Even though Maria tru-cast the pictures of the now-empty camp ringed with barbed wire and covered in camouflage, the Feds were denying that it had been a prison camp. I didn’t understand how a secret camp in the desert could be explained away, but they claimed the pictures were manufactured.

Later that afternoon, the Navy made a great show of opening the basement of the hospital, only to find a warehouse of medical supplies. The scenes they cast, opening each of the cells and showing them filled with boxes of gloves and syringes, made me so angry I had to be alone in one of the cast cubicles for a while. Of course the government would hide what they had been doing. It made me clench my fists and kick the industrial carpet.

I still had Kestrel’s vials of liquid with my name on them, but I couldn’t figure a way to use them to prove the experiments had actually happened. Did Kestrel take my DNA as a routine matter, genetically profiling all the kids that came through the jacker processing center at the hospital, or had he already started experimenting on me? Were the vials only my DNA or some kind of serum he already injected into me and that was why I was different?

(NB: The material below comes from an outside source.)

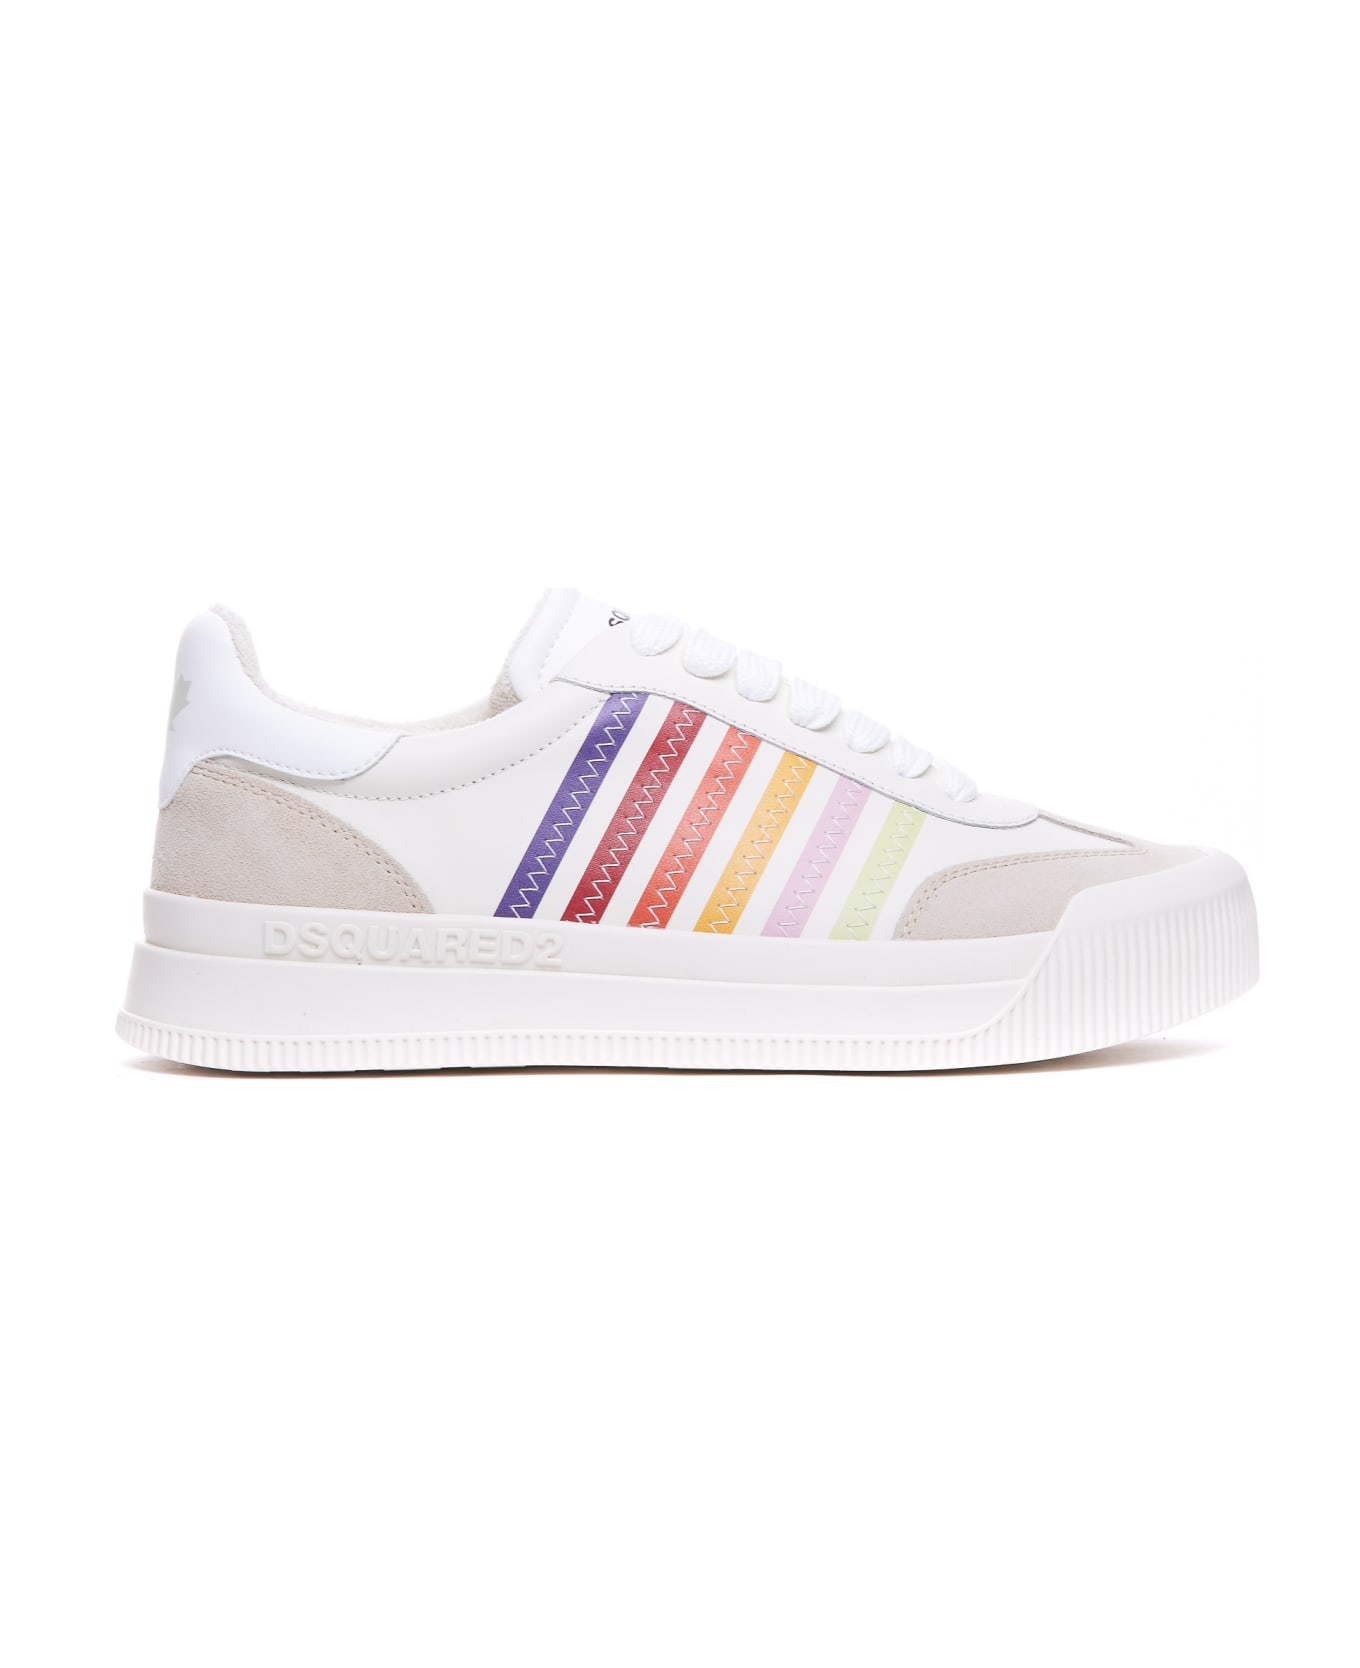 Dsquared2 New Jersey Lace-up Low Top Sneakers - Beige/multicolore スニーカー

No. I was different from other jackers, but I had my Impenetrable Mind before I ever crossed paths with Kestrel.

My video from the basement and my vials weren’t sufficient proof that any experiments had actually occurred. It was only a lab room and some vials of liquid.

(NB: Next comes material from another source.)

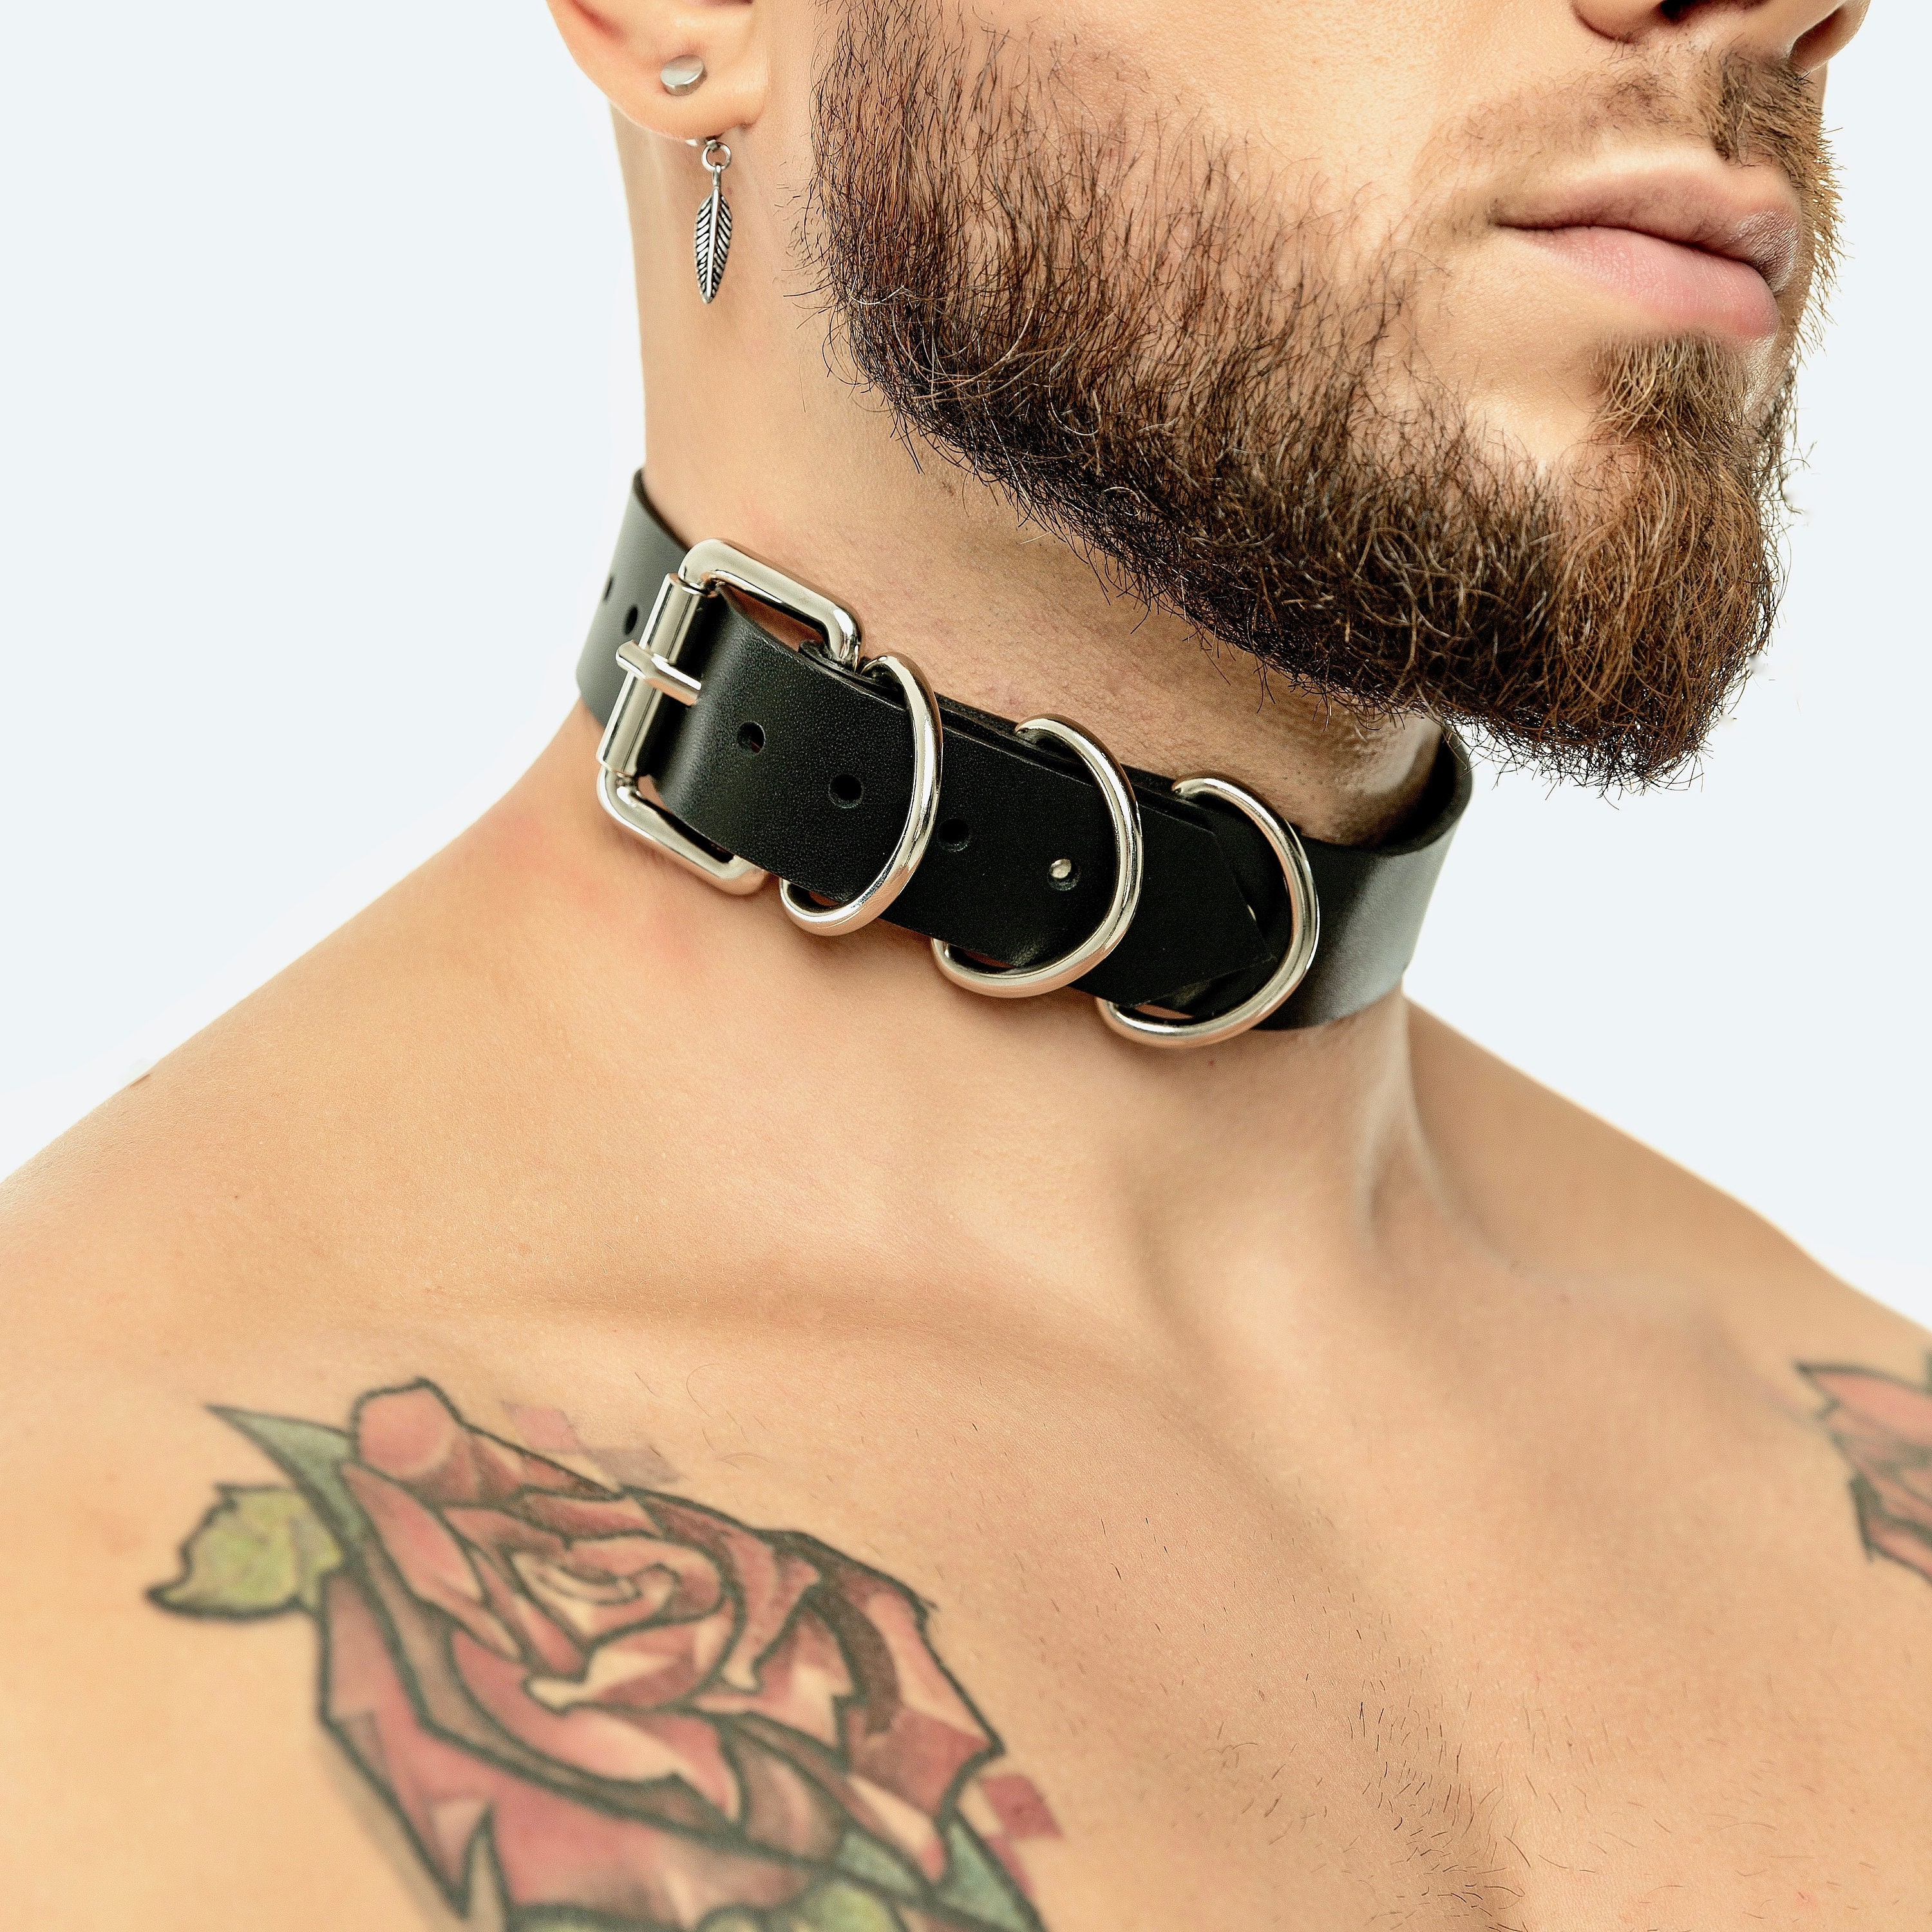 Bdsm Collar For Men Leather Submissive Collar With D Rings Etsy

Without proof, the jacker kids I left behind at the camp were stuck in whatever new prison the Feds had constructed. No one would go looking for them because no one believed they existed. I’d had my chance to free them and I hadn’t. That I had saved some reader lives in Rock Point, Arizona, wasn’t much consolation when I imagined the horrors the changelings were enduring.

Kestrel seemed to have disappeared as well. Despite the jacker agent’s whispered accusation at the hospital, the Feds were denying that an Agent Kestrel even existed. When Maria’s crew arrived at his apartment in the city, it had been scrubbed clean, as if no one had ever lived there. I didn’t know if he had fled, or the Feds were covering up for him, making him officially disappear so he would be free to continue his heinous experiments.

Either way, Kestrel knew I had liberated the changelings and must have figured out who shot him full of darts and stole his passring and car. He wouldn’t forgive me just because I left his car unharmed in the hospital parking lot. And if he was still doing experiments, he’d want me back for that.

I wished that I had wiped all of Kestrel’s true memories about me when I had the chance.